Re:Good news for Bose (2, Interesting)

Abcd1234 (188840) | more than 7 years ago | (#17330188)

Nah, what you really want are a pair of canalphones. Personally, I have a pair of Shure's which were a godsend on my last flight, when I got to experience two cowboy-types behind me spending a full hour talking loud enough for half the cabin to hear them...

Keep the ban for the sake of quiet (5, Insightful)

Retired Replicant (668463) | more than 7 years ago | (#17329486)

I don't care if they determine that there is no need to ban cellphones because of interference with plane electronics -- I'd still rather the ban is kept anyway in order to keep flights from turning into cacophonous gab-fests. Flights are already uncomfortable and headache-inducing anyway...lets not make them noisy as well.

Re:Keep the ban for the sake of quiet (1)

devilspgd (652955) | more than 7 years ago | (#17329838)

While I don't disagree, I really look forward to being able to email or IM in-flight...

Re:Keep the ban for the sake of quiet (1)

Rob T Firefly (844560) | more than 7 years ago | (#17330052)

Too true. In New York City, the subway system for the most part is devoid of mobile phone coverage for obvious reasons. They had announced plans to wire the system for signal.
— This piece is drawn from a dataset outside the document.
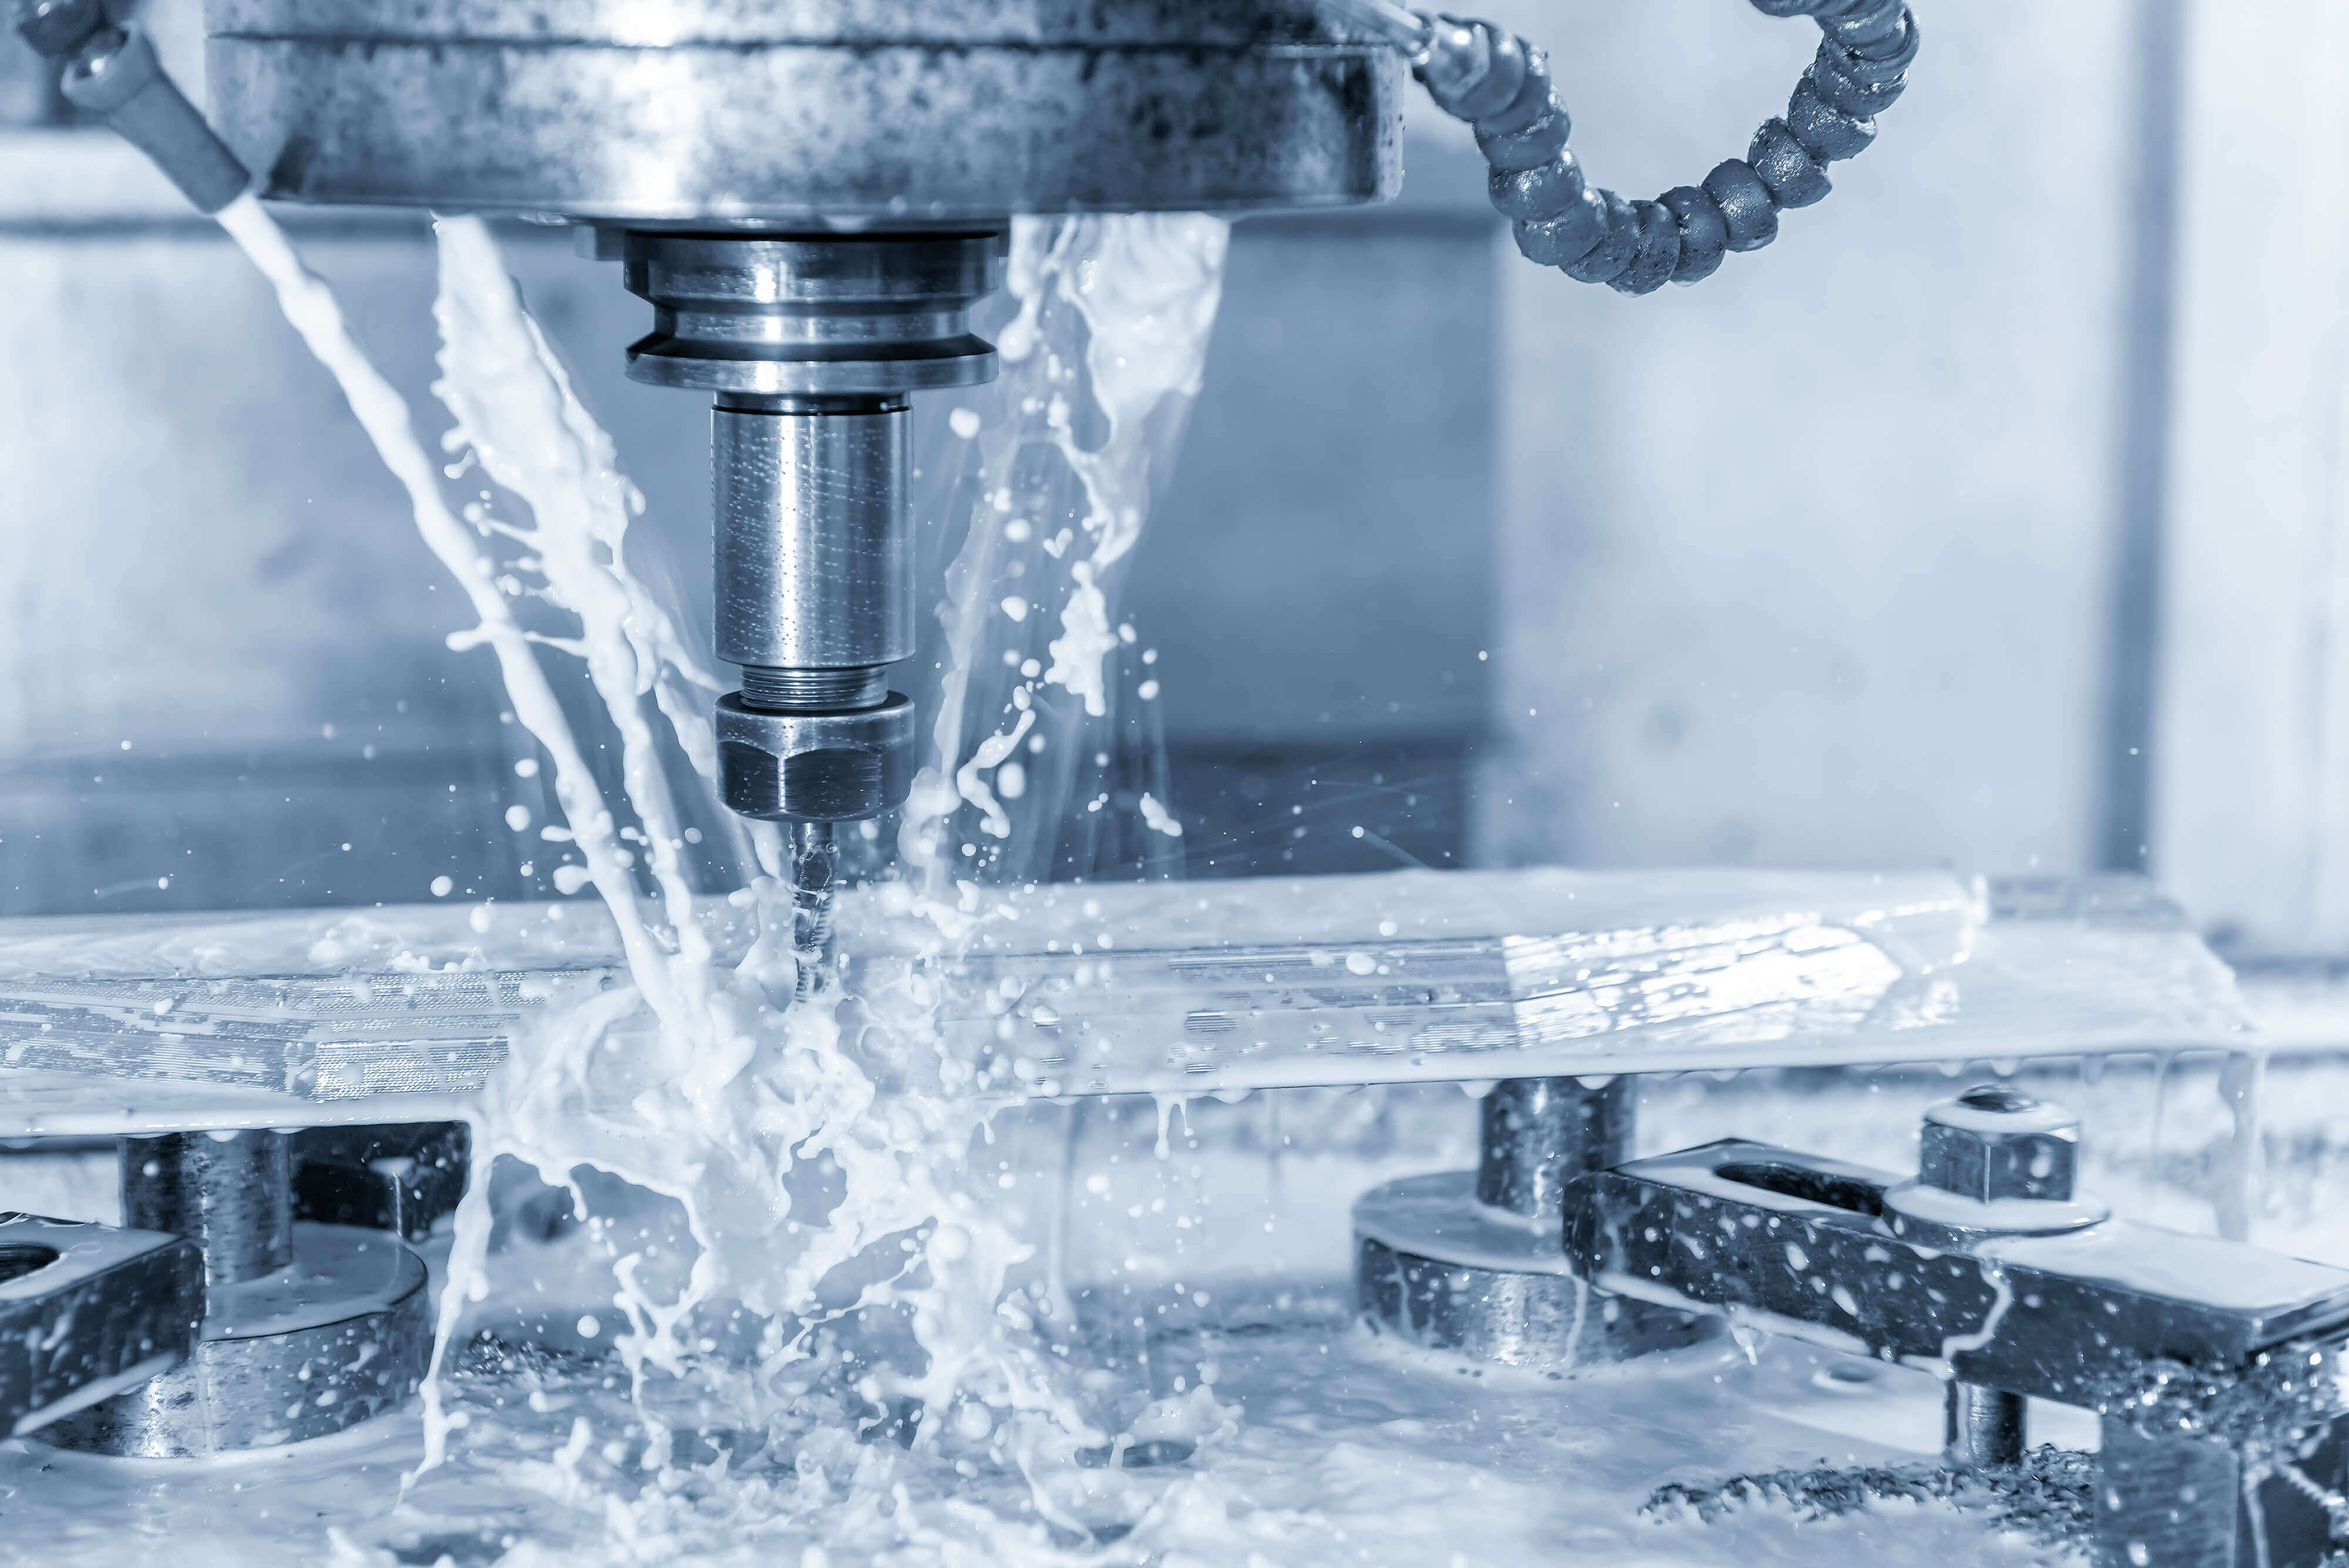 Learn How to Achieve True ROI in Your Machine Shop

Now the plans are pretty much stalemated in red tape, but that is sort of a sigh of relief to those of us who weren't looking forward to losing the one remaining public place one could be sure of not encountering the earpiece-wearing, phone-blabbering bluetooth zombies.

Re:Keep the ban for the sake of quiet (1)

sTalking_Goat (670565) | more than 7 years ago | (#17330146)

I second that, while it would be cool to have internet access in Flight, I'd rather not have to hear the ditz next to me prattling on till her battery runs dry.

Re:Keep the ban for the sake of quiet (1)

autophile (640621) | more than 7 years ago | (#17330178)

Flights are already uncomfortable and headache-inducing anyway...lets not make them noisy as well.

What planet are you on? Here's a replay of my last flight:

WAAAAAAAAAAAAAAAAH! WAAAAAAAAAAAAAAAAH! WAAAAAAAAAAAAAAH!

This is why I *always* bring earplugs. They help, mostly. Personally, I'd *much* rather listen to cellphone chatter than high-pitched informationless shrieking.

--Rob

Re:Keep the ban for the sake of quiet (2, Funny)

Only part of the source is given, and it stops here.